At Notre Dame, Eric F. Wieschaus was an activist against the Vietnam war, and the student fly keeper for thousands of Drosophila fruit flies. He came to hate the tiny insects almost as much as the war. In graduate school at Yale he only earned a 'C' in cellular biology. In a different class, though, he was so enraptured by a lecture on genetics he accidentally stabbed himself with his pencil.

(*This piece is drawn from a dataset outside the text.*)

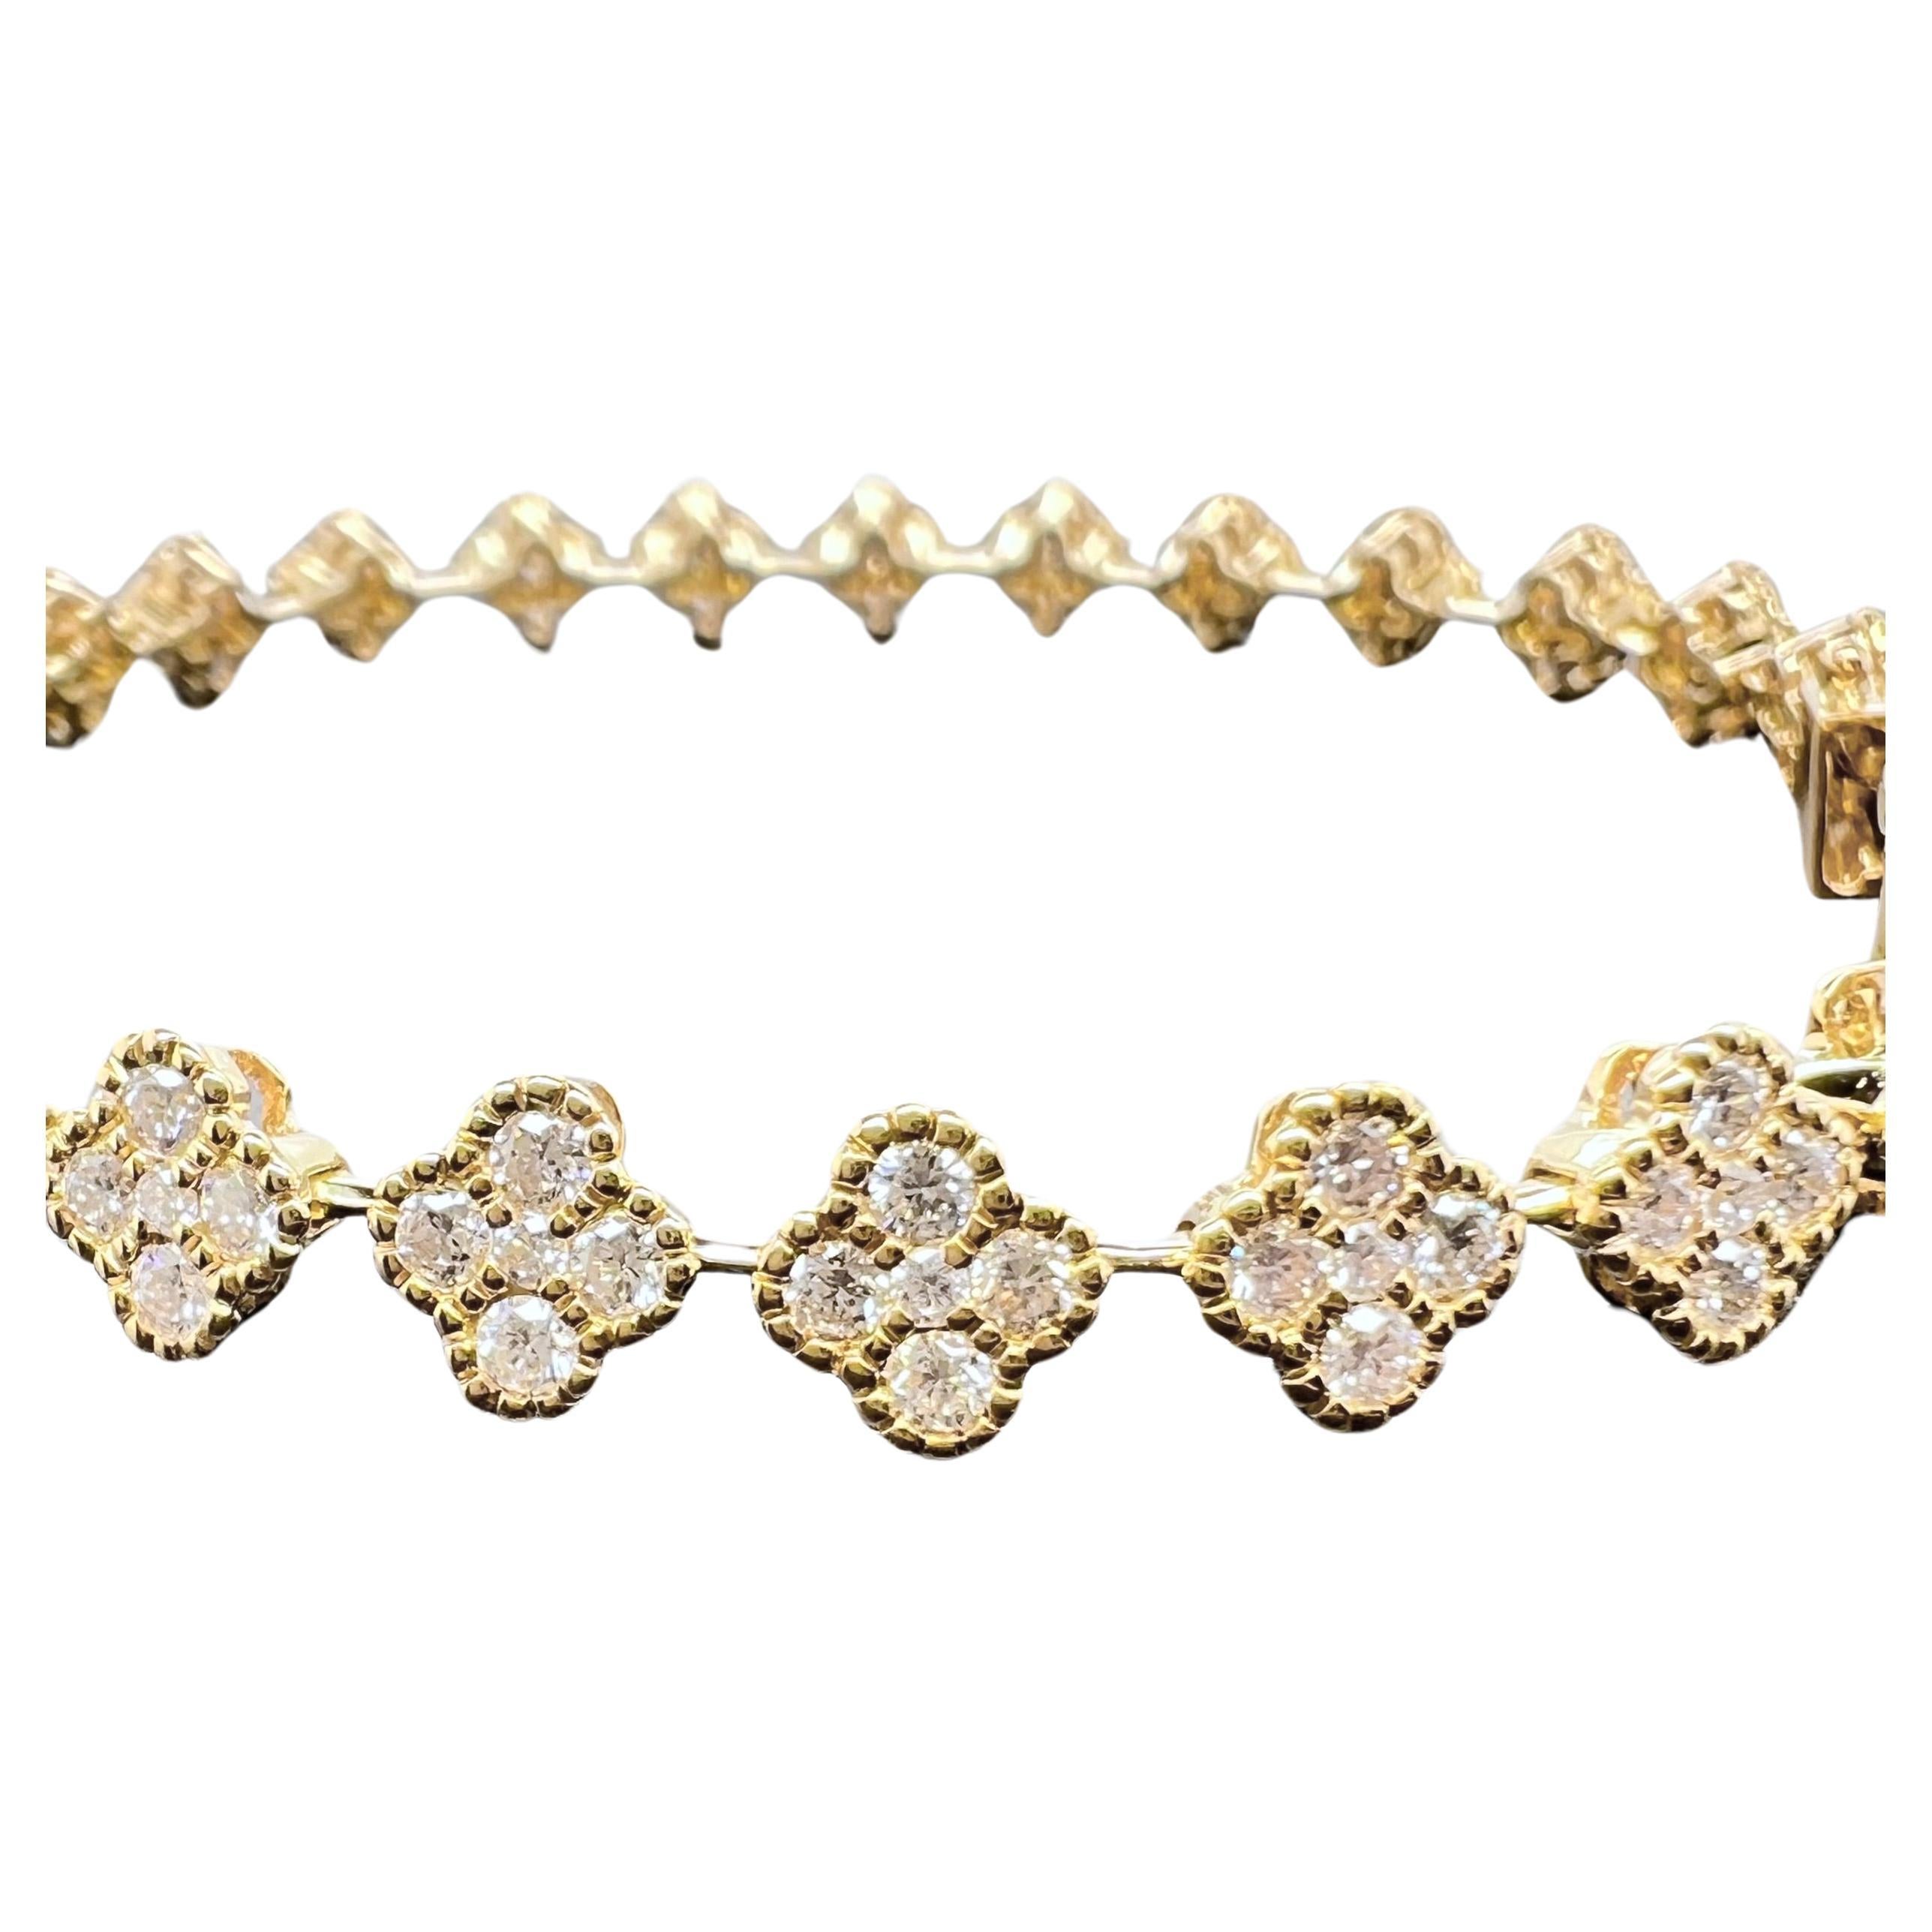 C'est absolument l'un de nos bracelets empilables préférés.  Serti dans de l'or jaune 18 carats, ce bracelet de tennis en forme de trèfle est idéal pour compléter une collection ou pour être porté seul.  Les diamants ronds et brillants forment un

In his later collaboration with Christiane Nüsslein-Volhard, Wieschaus identified 139 genes necessary for the fruit fly's existence, including genes crucial to forming muscles, eyes, heads, and other vital body parts. For his research into the genetic mechanisms that control embryonic development, showing that three sets of genes (gap genes, pair-rule genes, and segment-polarity genes) are involved, Wieschaus and Nüsslein-Volhard were awarded the Nobel Prize in Medicine in 1995, sharing the honor was shared with Edward B. Lewis. Wieschaus's wife, Gertrud Schüpbach, is a Swiss-American molecular biologist, and a professor at Princeton.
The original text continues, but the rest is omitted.